» Data to use
┏━━
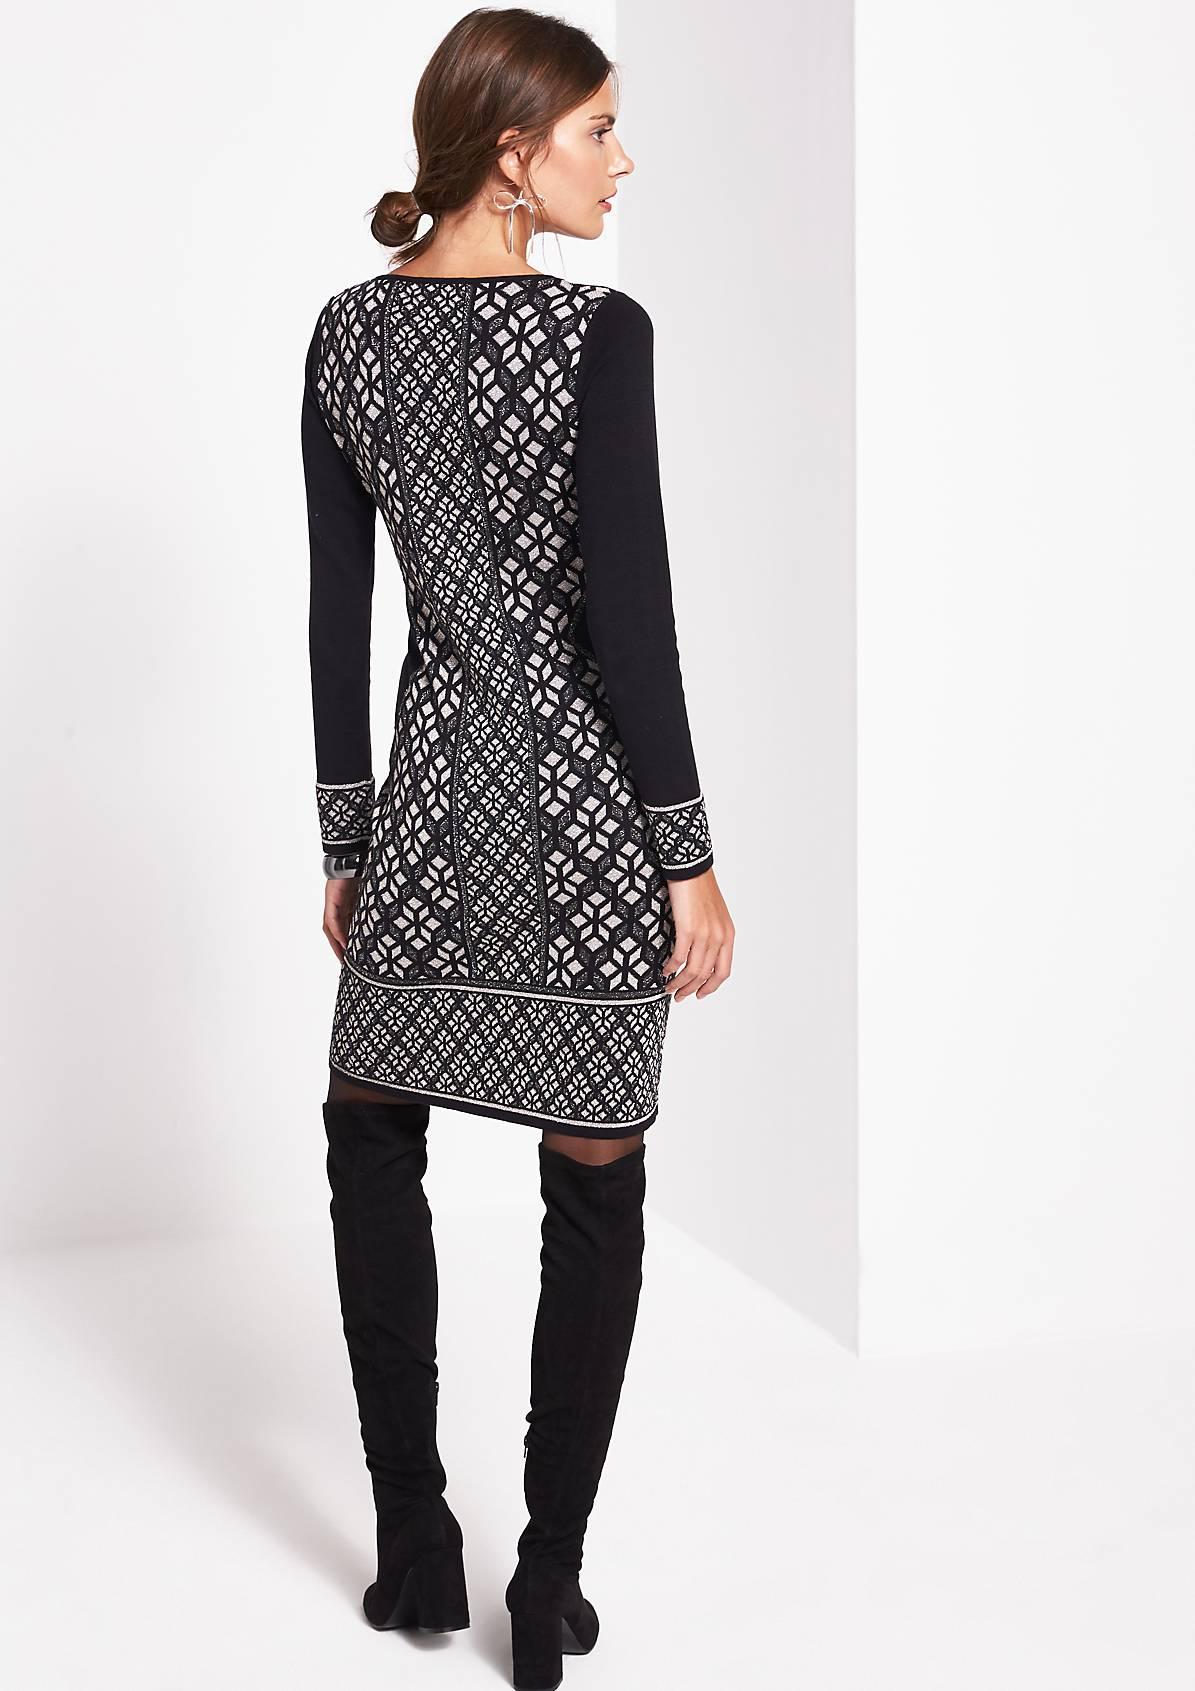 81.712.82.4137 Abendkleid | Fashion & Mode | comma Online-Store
┗━━
┏━━
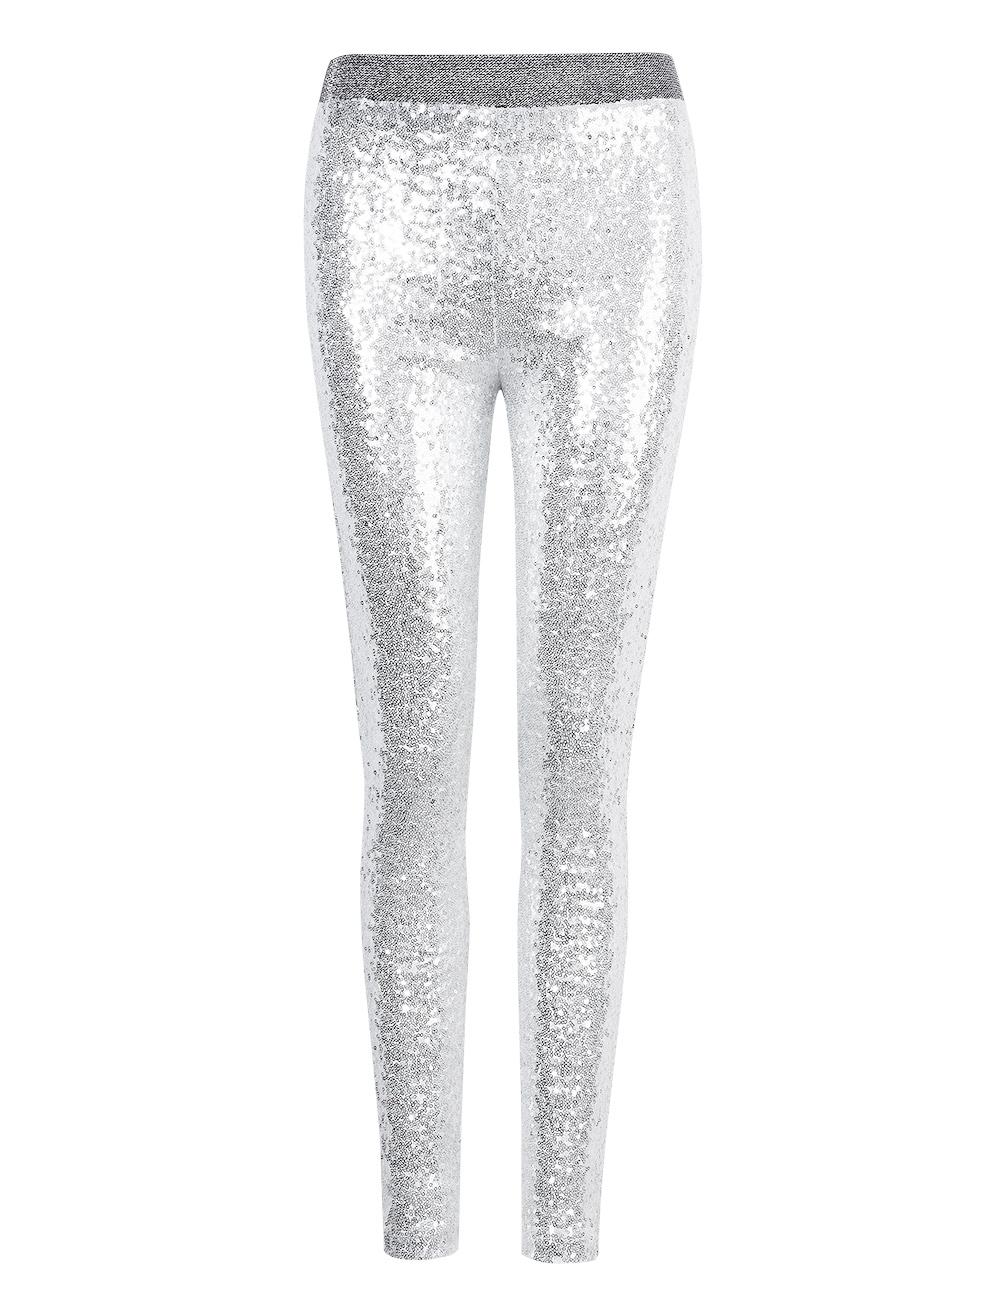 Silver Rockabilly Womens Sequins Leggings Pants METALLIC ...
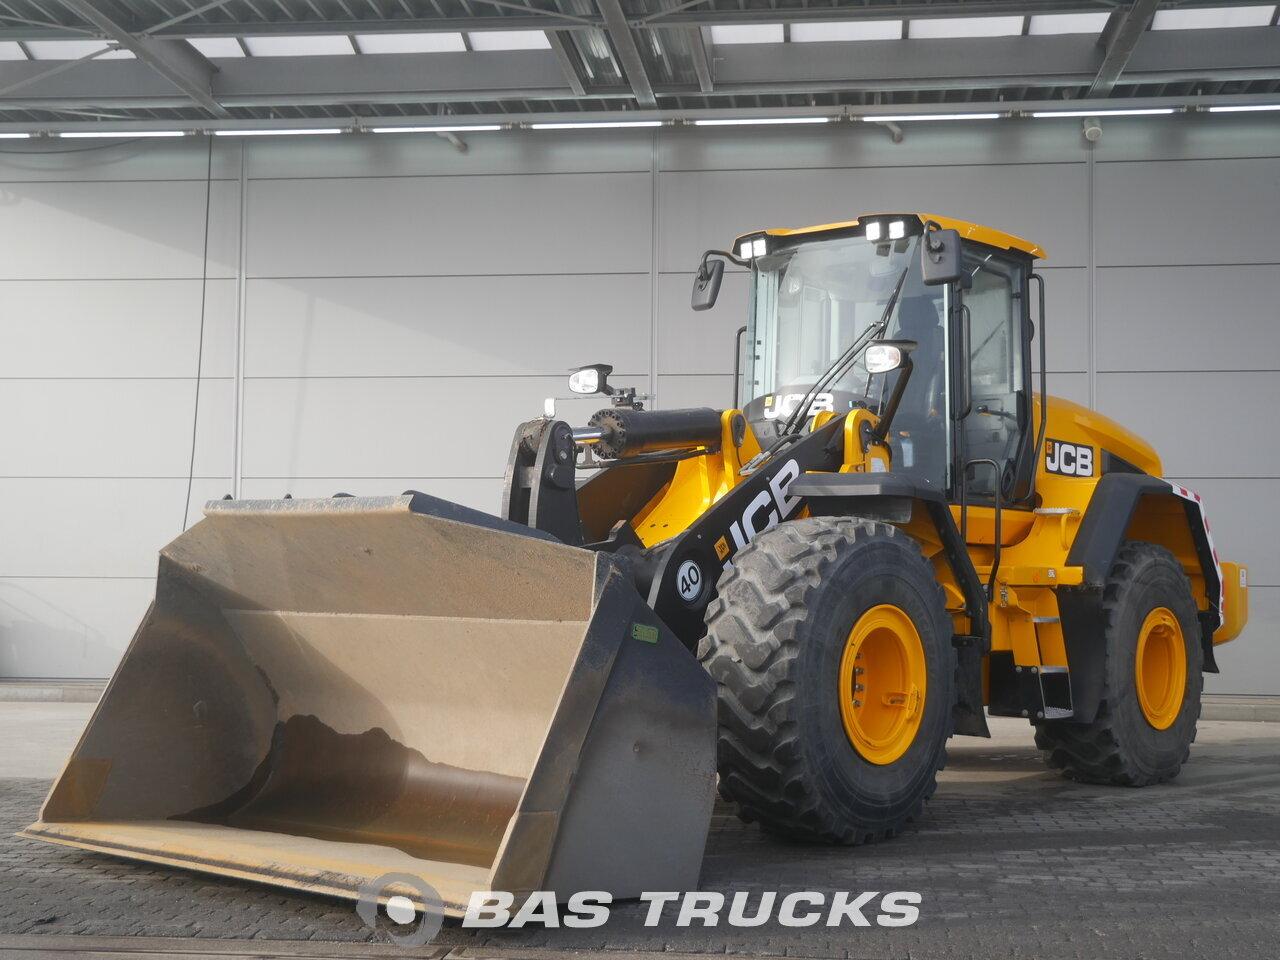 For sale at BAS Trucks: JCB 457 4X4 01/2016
┗━━
» Task requirements
From the data above, return only the lines starting at the line that holds "Silver Rockabilly Womens" and ending at the line that holds "For sale at BAS Trucks: JCB 457 4X4 01/2016", word for word and without pictures.

» Task response
 Silver Rockabilly Womens Sequins Leggings Pants METALLIC ...
 For sale at BAS Trucks: JCB 457 4X4 01/2016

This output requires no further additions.